From: Seaborne, Andy <andy.seaborne@hp.com>
Date: Mon, 21 Mar 2005 14:08:57 +0000
To: Danny Ayers <danny.ayers@gmail.com>
CC: public-rdf-dawg-comments@w3.org
Message-ID: <423ED579.5020003@hp.com>
Danny Ayers wrote:
> Looking through the 2005-03-17 editor's draft, the doc has *growed* so
> I've only done the query stuff here, I'll look at Result Forms etc
> later.
> 
> Overall the doc's really nice, it works both as a spec and a tutorial
> without flab. I haven't been following the list, so apologies where
> things have been explained/worked through in discussions I've missed.
> I've only a couple of coarse grained comments on the language itself,
> so I'll get them out of the way before editorial bits/minor language
> points.
> 
> *** Language features ***
> INSERT
> I'm sure this has been discussed at length, but I can't ignore it -
> where's the INSERT? Ok, I can see there may be the argument that it's
> not really a query, and there would be be implementation issues. But
> aside from the basic utility, there will be bound to be expectations
> of people coming to SPARQL from SQL, and the absence of something so
> fundamental is likely to attract criticism. Surely all that would be
> needed is INSERT {graph pattern} and it's done..? (I'd also expect
> this to be reflected in the Protocol, perhaps with PostGraph/PutGraph
> constructs).

There is obviously a linkage between INSERT and protocol.  While some form of 
INSERT is reasoably clear, DELETE is rather more tricky, given blank nodes and 
complex structures.

http://www.w3.org/2003/12/swa/dawg-charter#update

> 
> OPTIONAL
> The doc made me chuckle - soon after the material on OPTIONAL there's
> an editorial comment that there was an objection to UNION on the
> grounds that it would complicate implementation and discourage
> adoption. If UNION will discourage adoption then OPTIONAL will have
> people emigrating to Mars. I don't know whether it's just my addled
> neurones, or the way it's presented in the doc, or in the language
> design (I suspect the latter), but I found this construct incredibly
> hard to comprehend. In case I still haven't understood it properly, I
> won't go further than to ask - is this functionality particularly
> useful? If so, can't it be done in a simpler fashion?

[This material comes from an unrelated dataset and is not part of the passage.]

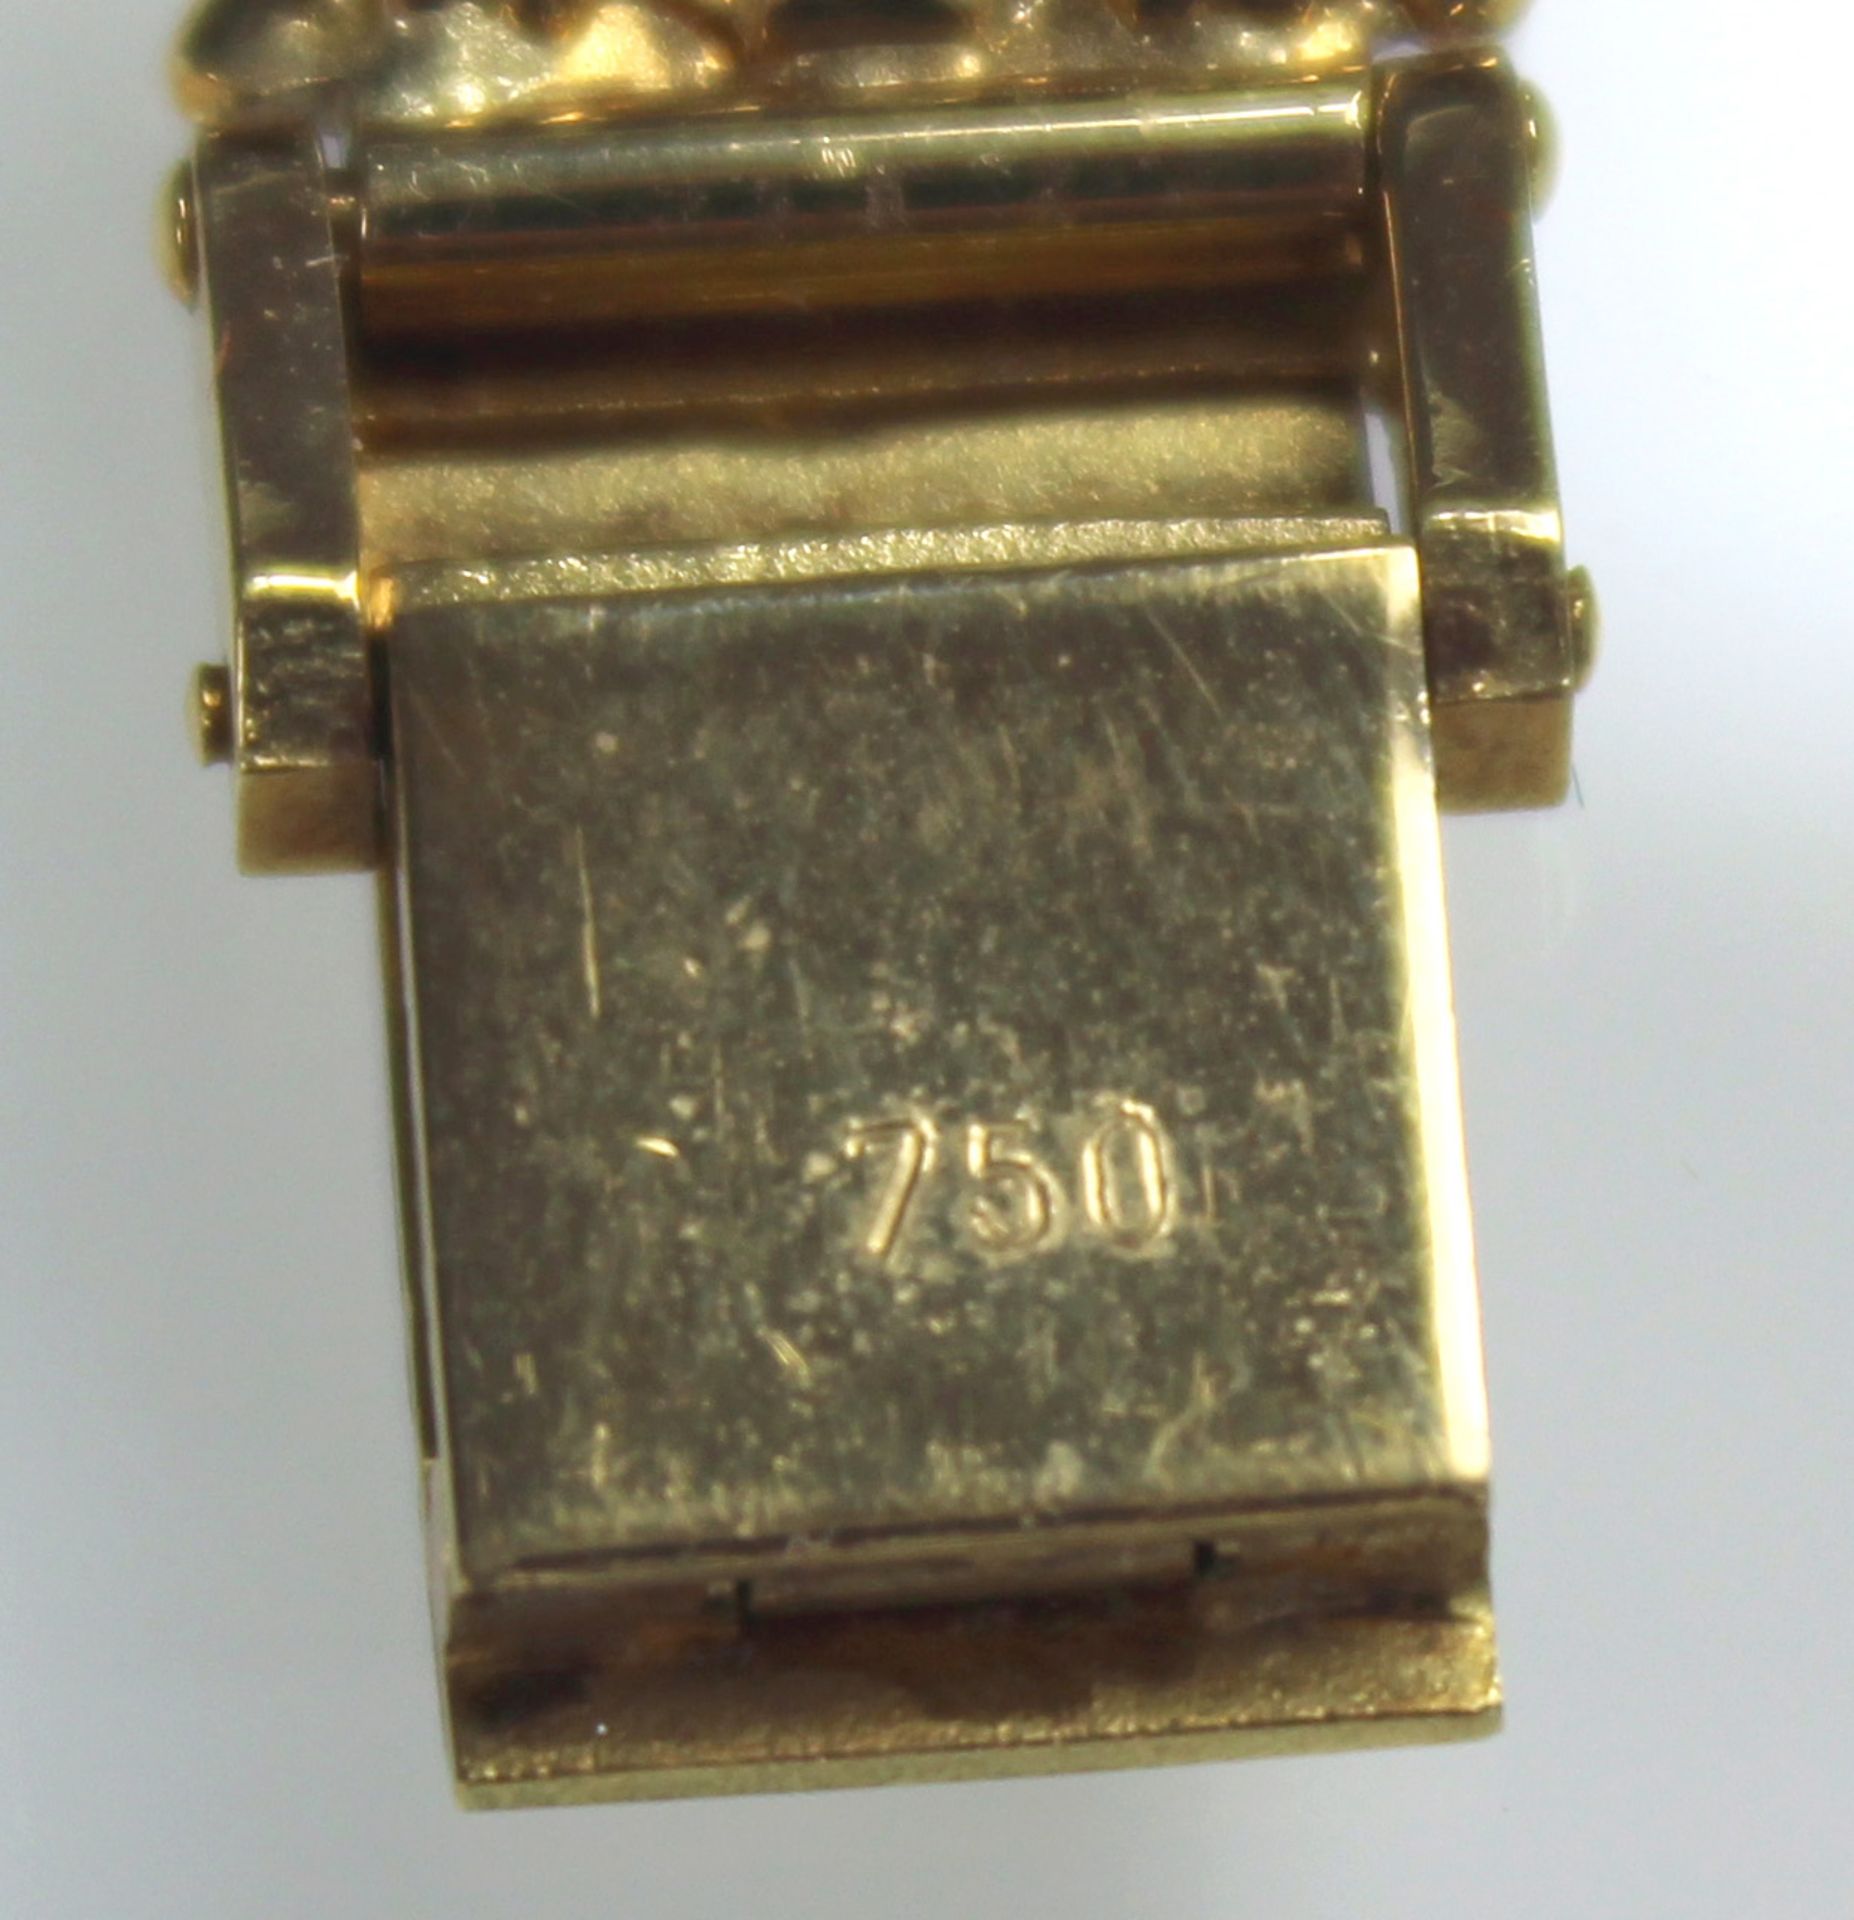 Schmuck Armbanduhr Gelb Gold 750, besetzt mit 36 kleinen Brillanten.58,5 Gramm Gesamtgewicht. - Bild 9 aus 11

OPTIONAL arises from the semi-structured nature of RDF and is one of teh most 
common requests from users.  Consider wishing to write a query that extracts 
name and nick FOAF information about a person where the mbox is known:

This fails to do the job:

SELECT ?name ?nick
{
   ?x foaf:mbox <mailto:...> ;
      foaf:name ?name ;
      foaf:nick ?nick .
}

because both ?name and ?nick would have to be present.

SELECT ?name ?nick
{
   ?x foaf:mbox <mailto:...> .
   OPTIONAL { ?x foaf:name ?name } .
   OPTIONAL { ?x foaf:nick ?nick } .
}

This query will work, giving one row per ?x found, with name and nick 
information if available.

SQL has outer joins.

Using UNION would give 4 rows, not one, when ?name and ?nick were both present. 
    That makes it very hard for the application to take the results and process 
them back to what it wants.

> 
> *** Editorial/minor points ***

I've made the relevant corrections - a little discussion inline.

> There seems to be a little inconsistency in the description early on
> when in comes to URIs -
> [[[
> 2.1
> Query Term Syntax
> The terms delimited by "<>" are URI relative references
> ...
> The term "URI" in this document should be read as "absolute URI".]]]

Yes - <foo> is syntax and has to have resolved according to the usual rules in 
RFC 3986.  Queries themselves only have absolute IURIs in.

The phrase is "URI relative reference" as defined in RFC 3986.  I'mm <em> it to 
stress the connection.

> 
> also in the same section:
> [[[Single quotes ('')  are also allowed. ]]]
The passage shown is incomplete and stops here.